What might be the drawbacks of social media?
“There is a lot of narrative online… if that’s not good then we have to just try and ignore it. Grassroots and online activity are both valid, and they complement each other.
There will always be hostility… I’m not going to be distracted by that. There are messages to use and platforms that are great for informing such as online lectures on Facebook and other platforms.”
What are the greatest challenges to overcoming FGM in general and what would be your top priority?
“I think it’s what we’re seeing now… we have a Mayor and deputy who are totally committed to their roles in ensuring that everything they do is about bringing an end to FGM. We have a great partnership with the NHS and all the boroughs have their own initiatives.
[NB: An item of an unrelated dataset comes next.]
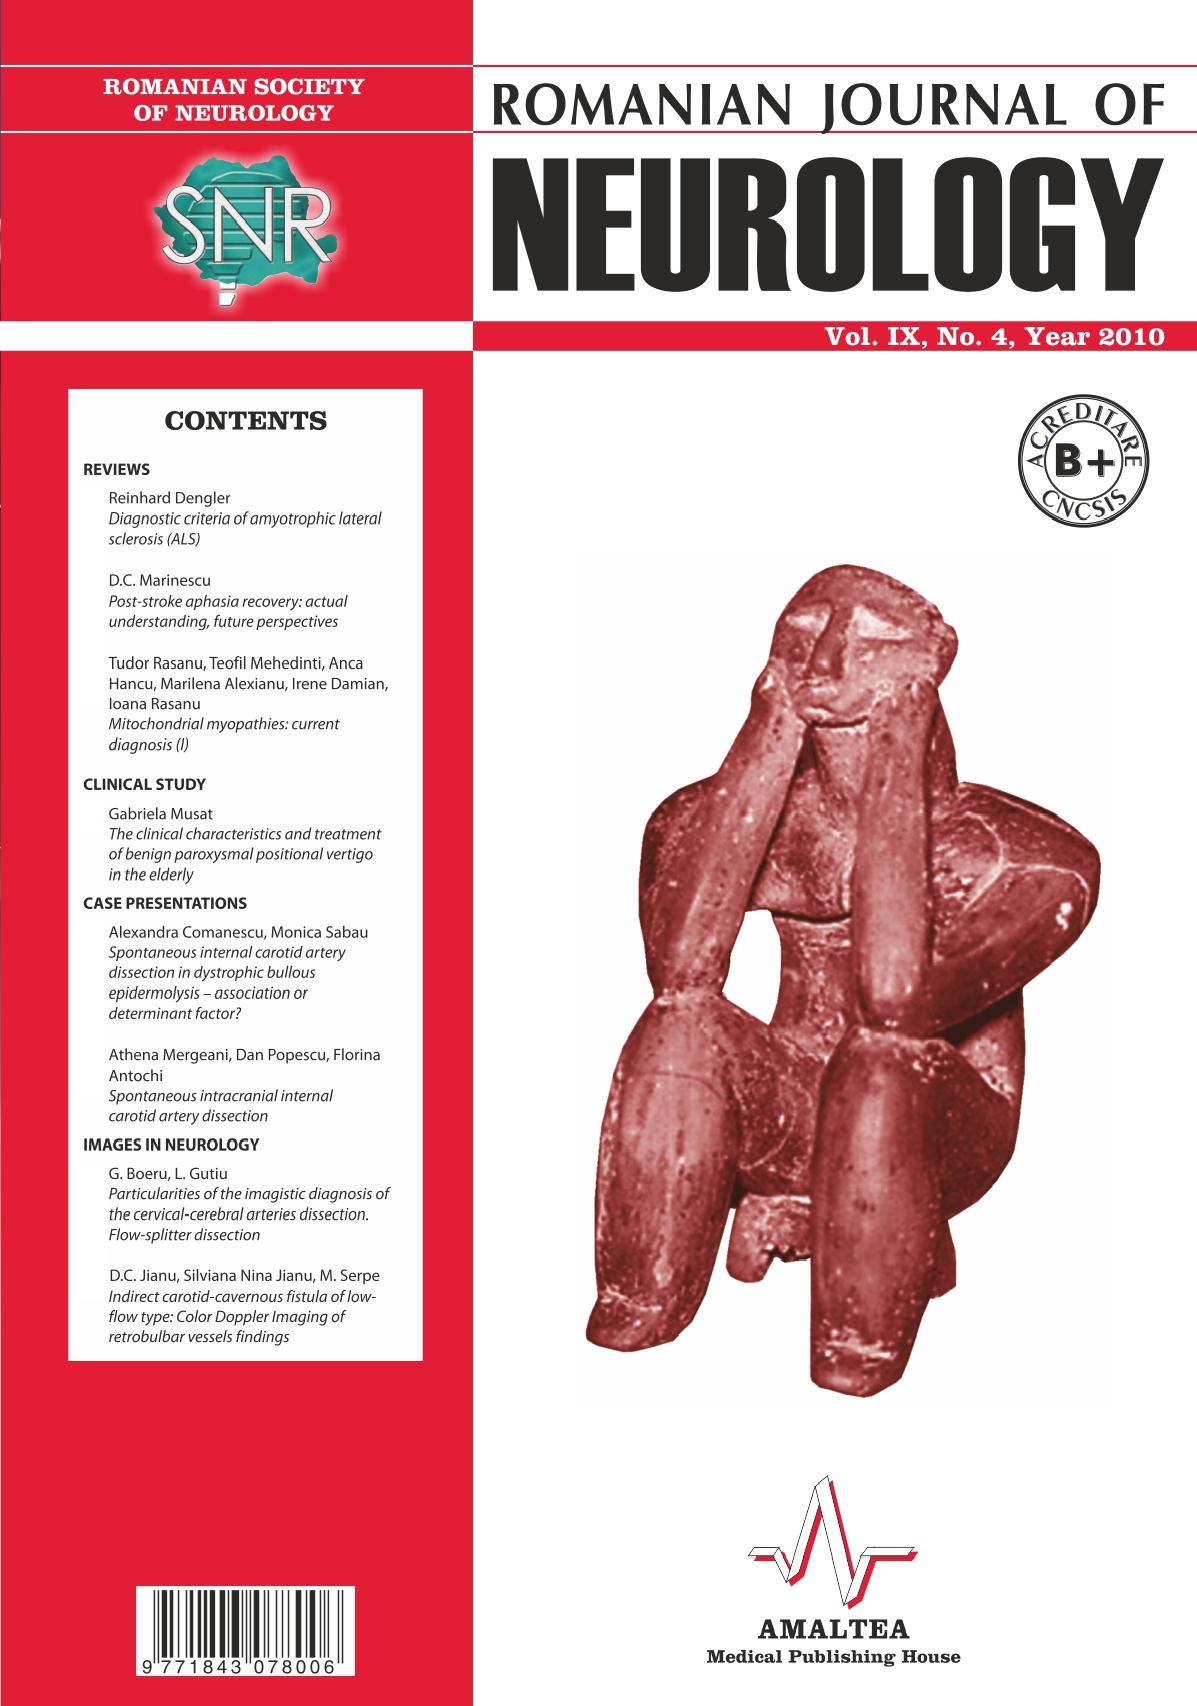 Romanian Journal of Neurology, Volume IX, No. 4, 2010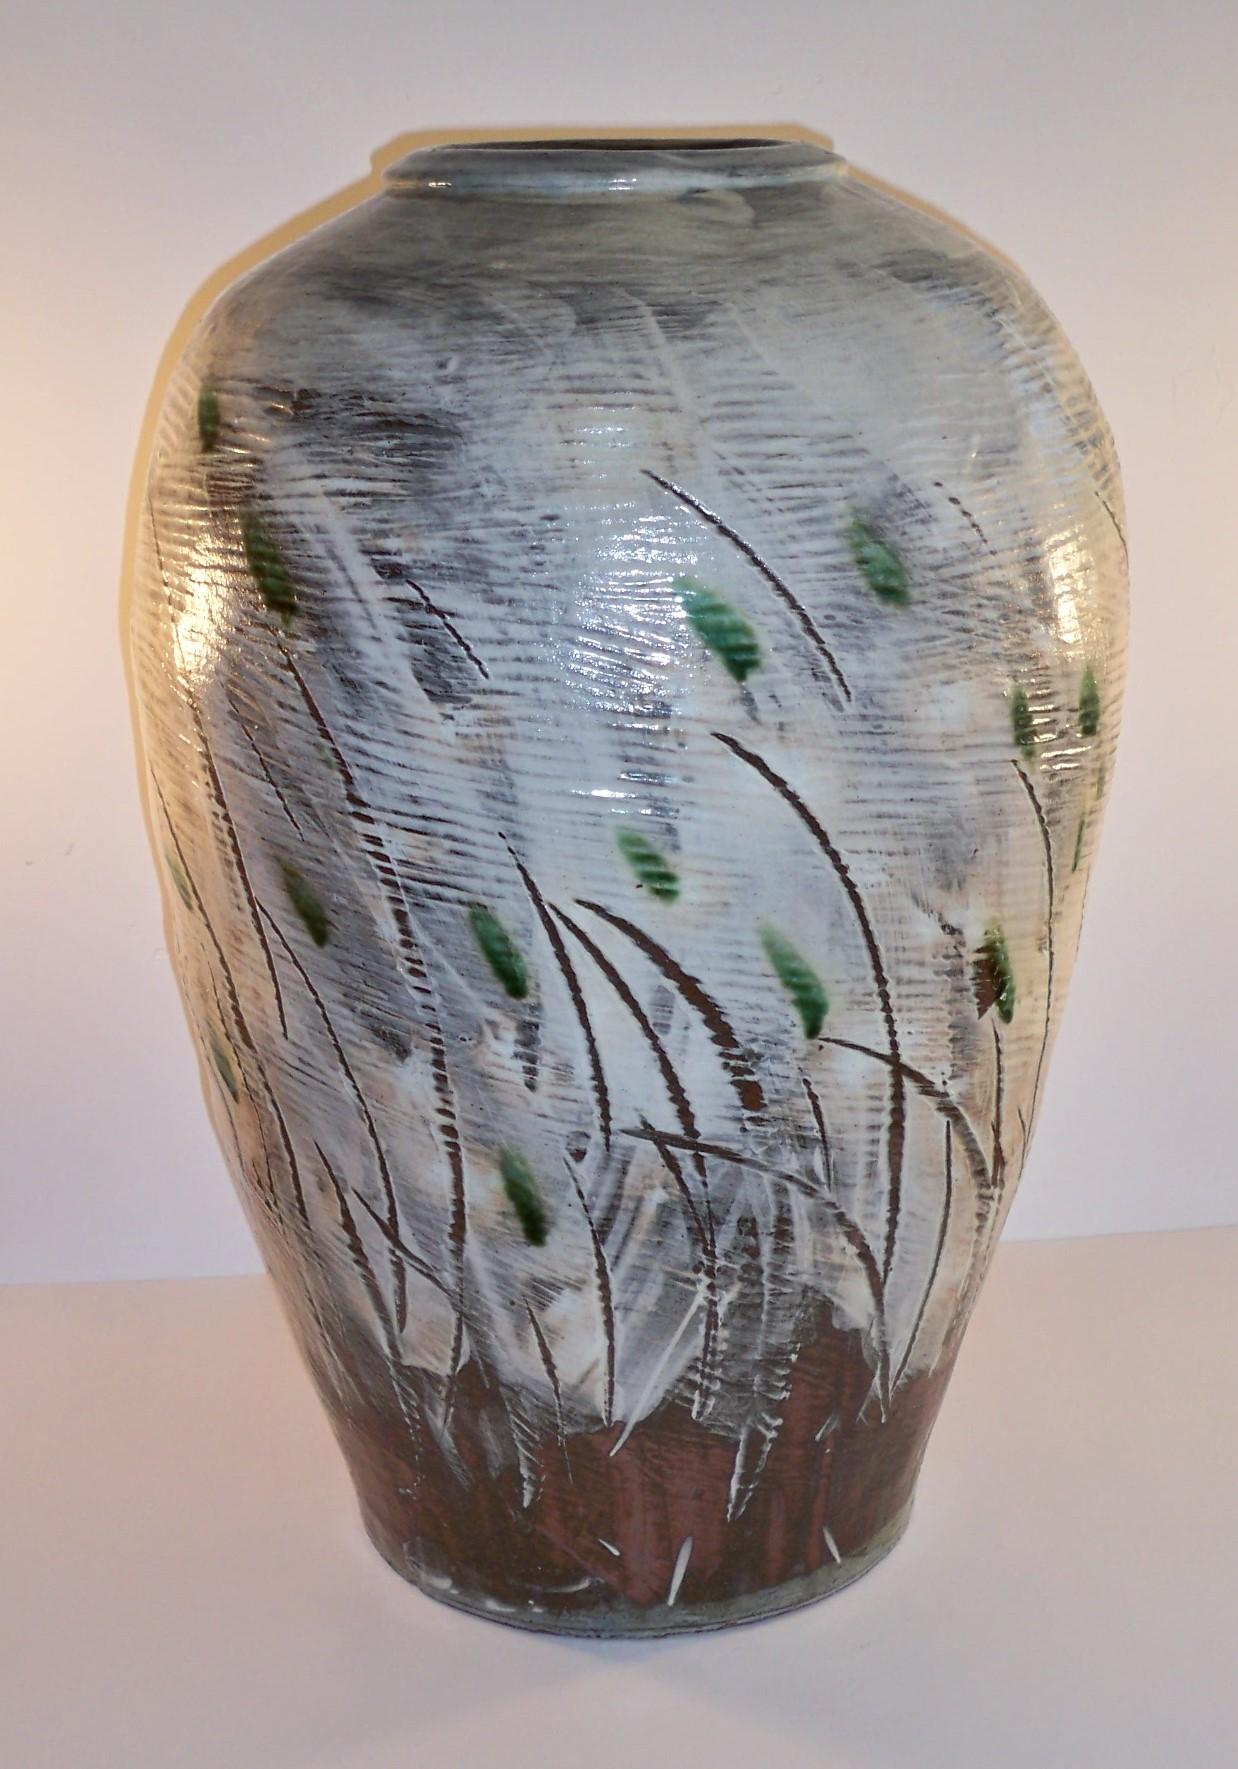 Hunt and Dalglish onggi jar

I think the biggest challenge is finding the resources to keep it all going.”
“I think resources and funding are the biggest challenges we face at the moment… we might find pockets where there is no activity because of budget cuts to local authorities. We need to keep the pressure up to ensure that we can end cutting altogether.”
“Look to the amazing survivors that are doing wonderful work and be as supportive as you can with them. Think of the journey they’ve been on, and their goal is to stop that happening to anyone else. Travel optimistically with the goal of ending FGM, if not in our lifetime then as near to that as possible.”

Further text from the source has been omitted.